Who is Giorgia Meloni?

Andrea G

Moisés Naím / El País

In Italy, an old video has been making the rounds. It shows a beautiful young woman saying things that are not so beautiful. Donning 1990s fashion, her body turned to the back from the front seat of a car, she answers questions for a French television reporter in good if accented French. “For me, Mussolini was a good politician,” she says. “Everything he did, he did for Italy, and that is something that is not found in the politicians we have had in the last fifty years.”

She will most likely be elected Italy’s prime minister next Sunday.

Georgia Meloni is no longer 19 years old, and she no longer speaks so openly of her admiration for Italian dictator Benito Mussolini, but she has never forgotten which political tradition she belongs to. Because fascism was never formally expelled from Italian public life after the second world war. In Germany, the allies imposed a rigorous program that permanently excluded ex-Nazis from power. In Italy, however, fascists were allowed to regroup under a new party, the “Italian Social Movement.”

That’s what it was still called in 1992, when Giorgia Meloni, then only 15 years old, joined its youth wing. Since then, the party has changed names several times. But let’s be clear: Fratelli d’Italia, the party Giorgia Meloni leads, is the successor party to the successor party to the party founded by Benito Mussolini. It has never renounced Il Duce’s legacy.

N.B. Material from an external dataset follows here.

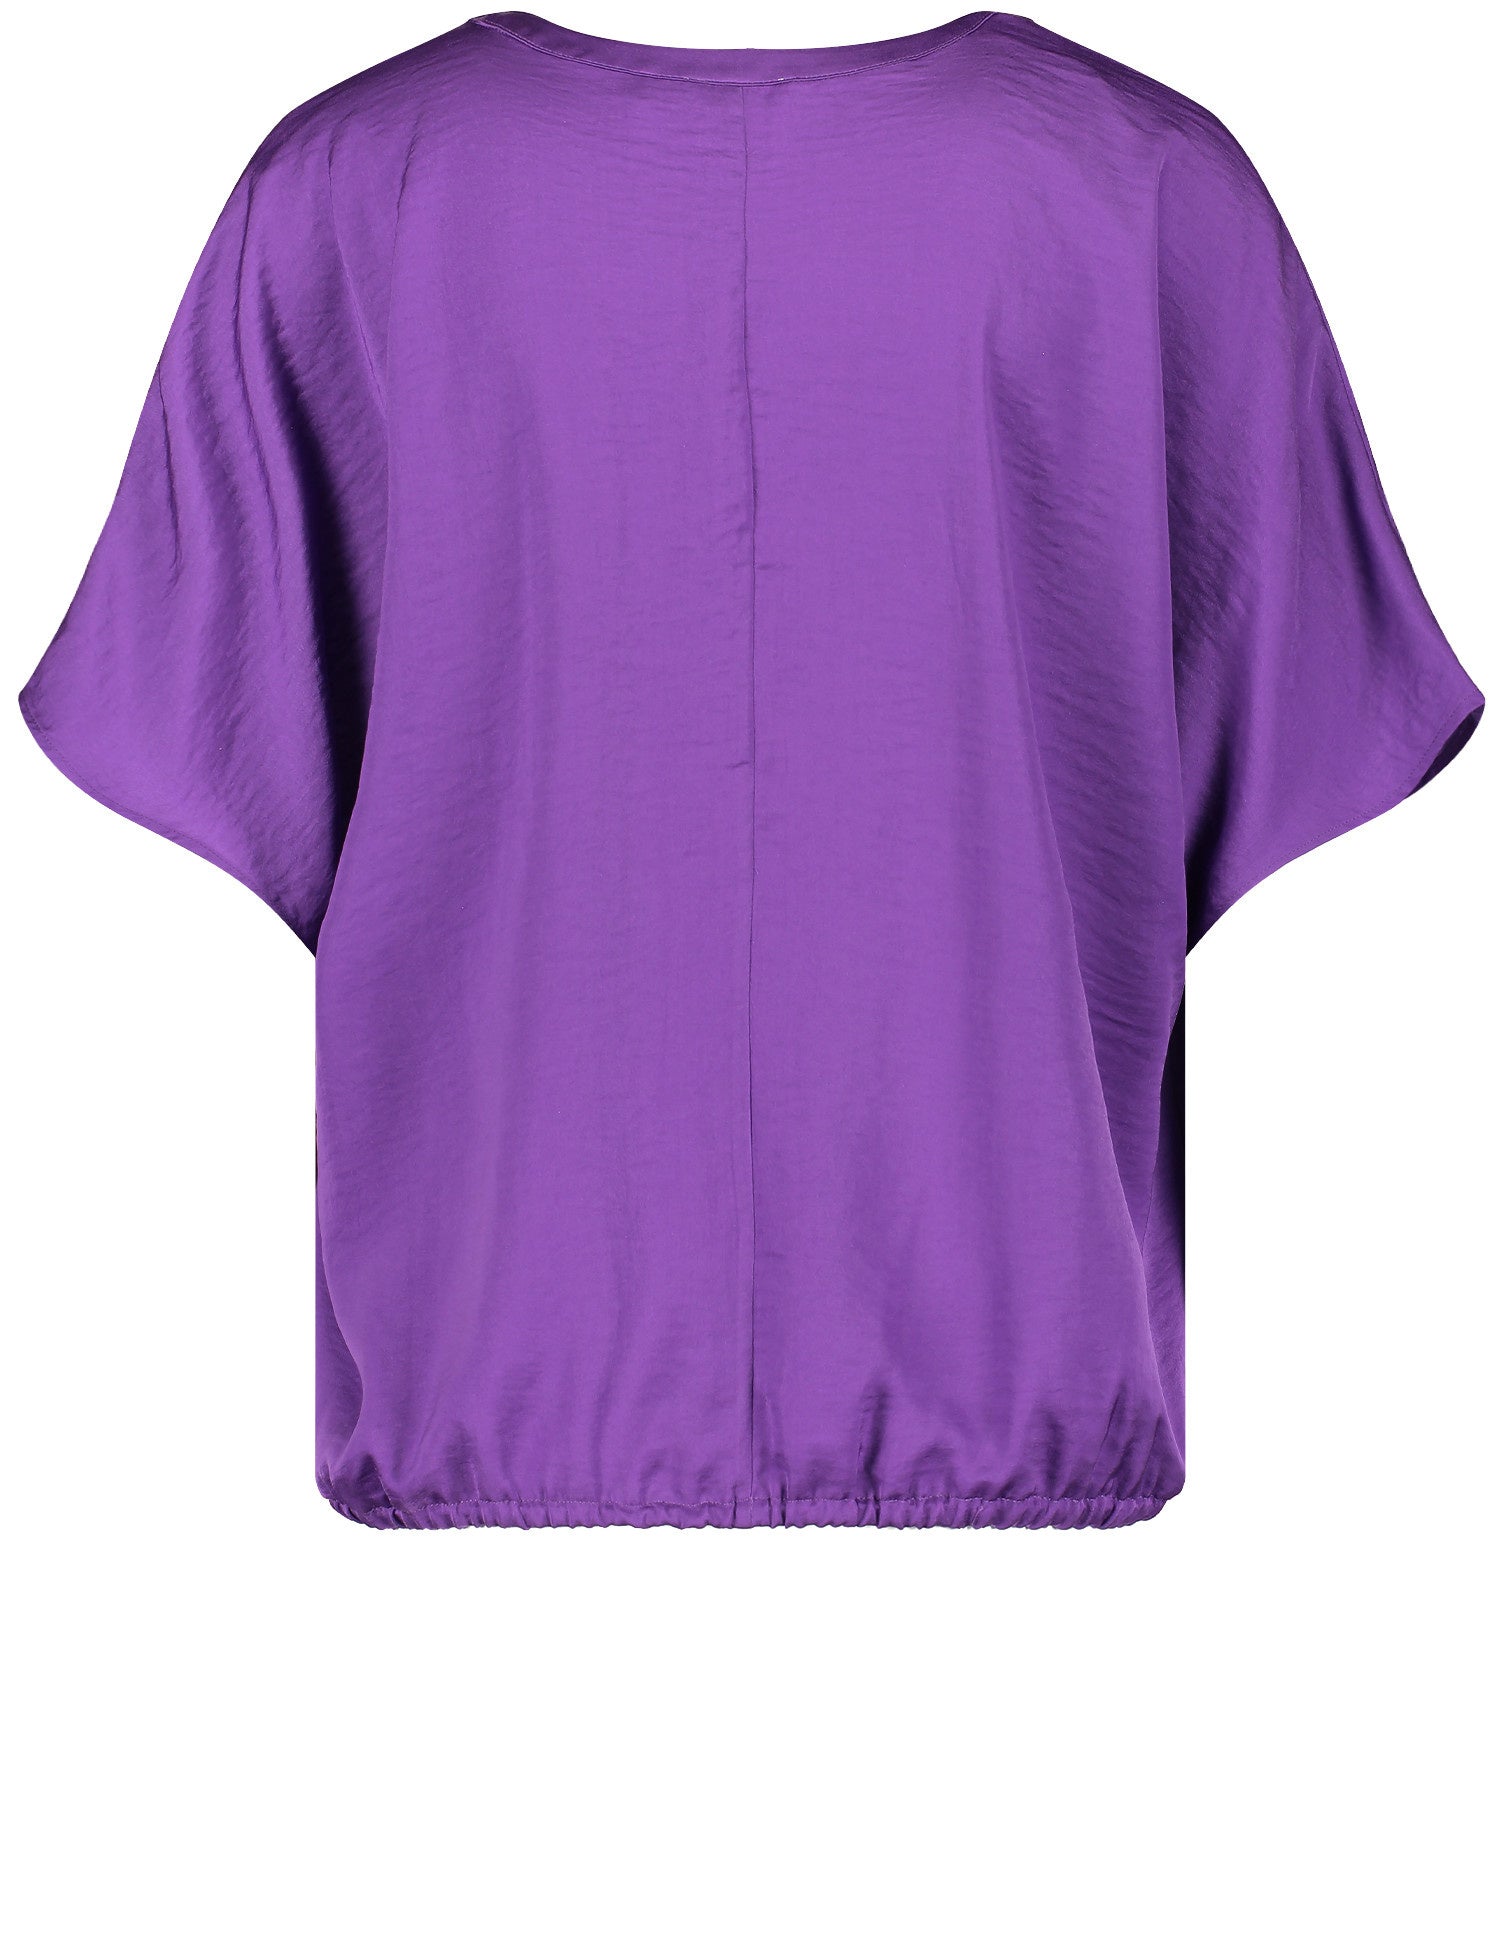 GERRY WEBER Purple Blouse 260001 223

Does this mean that Italy is returning to fascism?

Not necessarily.

The fact that Giorgia Meloni is on the brink of power has less to do with her neo-fascism and more to do with how easily Italian voters are seduced by anti-establishment candidates. Meloni is just the latest in a long string of radical and populist outsiders that have been growing in popularity in Italy since the 1990s. In fact, Meloni’s junior coalition partners include the leaders of two of the last three anti-politics waves in Italy: the now elderly Silvio Berlusconi and Matteo Salvini, leader of Lega (the League), yet another far-right anti-establishment party.

To have managed to outflank a figure as extreme as Salvini on the right shows Giorgia Meloni’s political chops. But it also reveals the Italian public’s propensity to vote for those unsullied by governing experience. Meloni – whose only government stint was as minister for youth under Berlusconi from 2008 and 2011 –skipped the grueling internecine warfare of the unstable coalition government over the past five years. With her outsider credentials thus kept safe, she stands to gain from Italians’ chronic disgust for those who govern them.

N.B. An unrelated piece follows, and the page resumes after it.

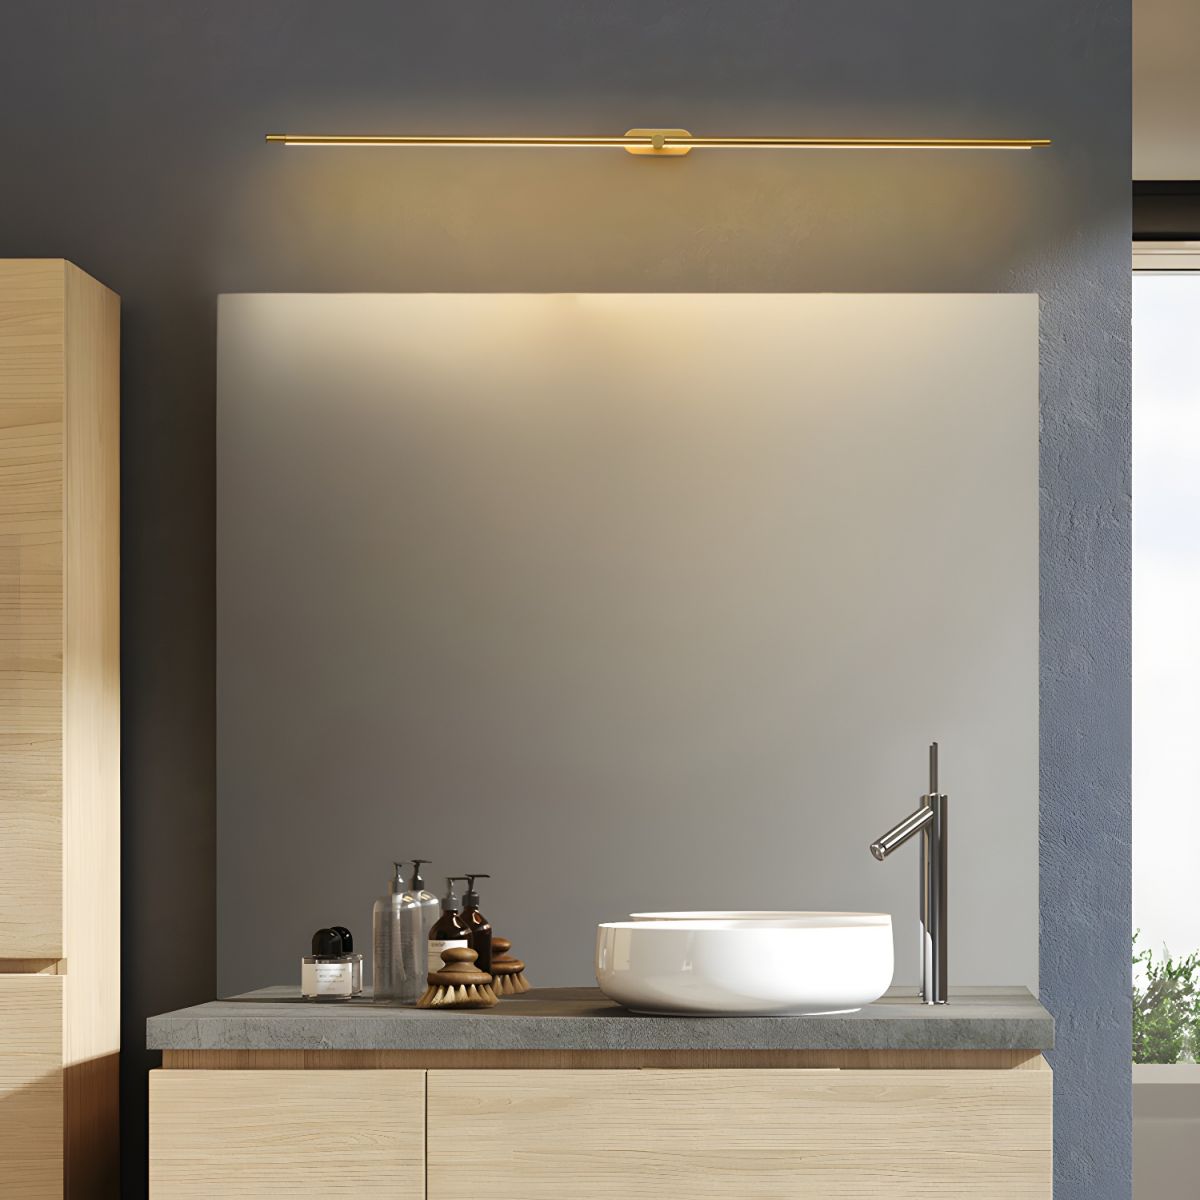 Modern Minimalist Style Metal Wall Light For Bathroom

We are, of course, in 2022, and these things no longer surprise anyone. With the far right reaching power even in Sweden and radical anti-establishment parties stalking power across the West, Meloni is no longer an exception. Like Marine Le Pen in France, she has been able to cast traditional far-right themes, such as xenophobia and staunch nationalism, in more palatable terms.

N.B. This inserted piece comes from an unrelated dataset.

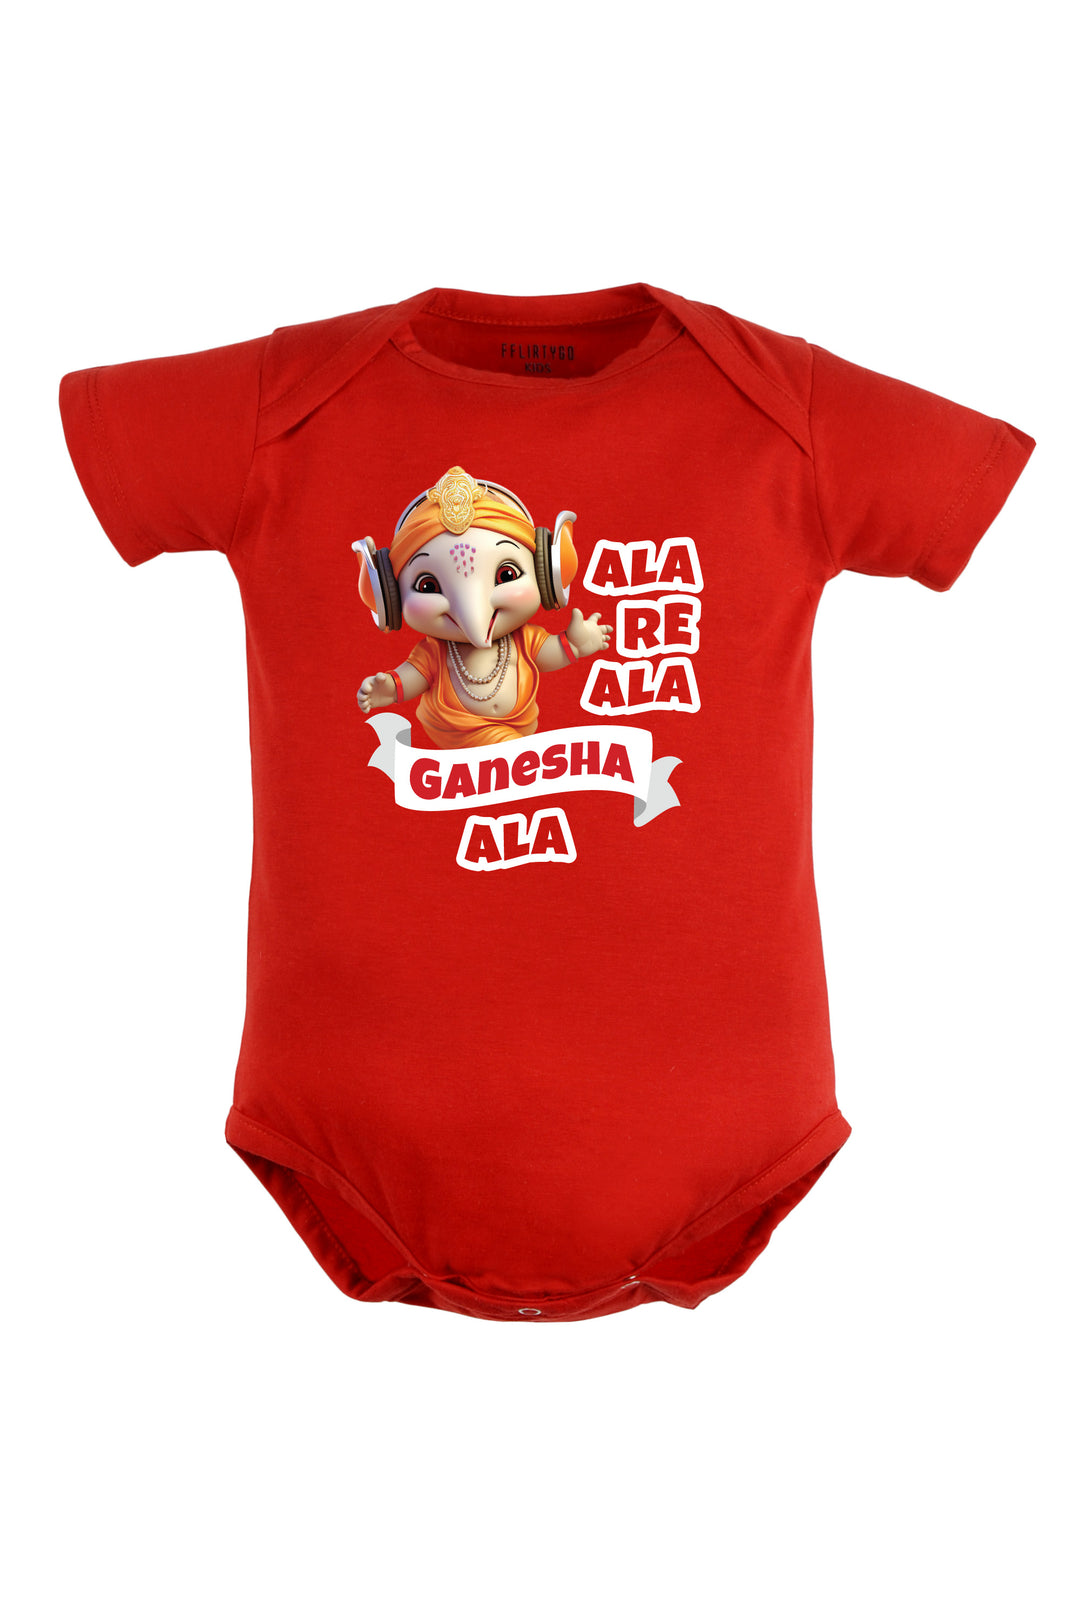 Ala Re Ala Ganesha Ala Baby Romper | Onesies

It all started with Silvio Berlusconi, who came to power in 1994 riding a wave of anti-politics sentiment very similar to the one lifting Meloni now. It was Berlusconi who demonstrated the ongoing power of populism in today’s Europe. It was he who made polarization a central part of his political strategy, and whose sprawling television and print empire set the tone for creating a post-truth alternative reality. I call this the politics of the 3Ps: populism, polarization and post-truth.

But even if Berlusconi was the pioneer, each successive generation of anti-establishment radicals in Italy has done its bit to deepen the 3Ps. That is why Italy has become the European poster child for anti-politics, a trend that was always bound to reach its logical conclusion: fascism.

What is interesting is that Washington and Brussels do not seem particularly alarmed that Italy could soon become a source of instability in the heart of Europe. American and European leaders tend to take comfort in the thought that Italian prime ministers don’t last. The country has had 69 of them since the second world war.

The world is used to thinking that Italian leaders – good and bad – will see their ambitions frustrated by a constitutional system that delays everything, complicates everything and blocks everything. Few believe that Meloni will last long, or that she can succeed in making lasting change.

But what if they’re wrong? What if 1996 Giorgia Meloni said out loud what present day Giorgia Meloni thinks but doesn’t say?

It is a question that should interest the world. The old consolidated democracies of Europe are neither so old nor so consolidated that they’re immune to assault from forces that secretly, or not-so-secretly, seek to destroy them.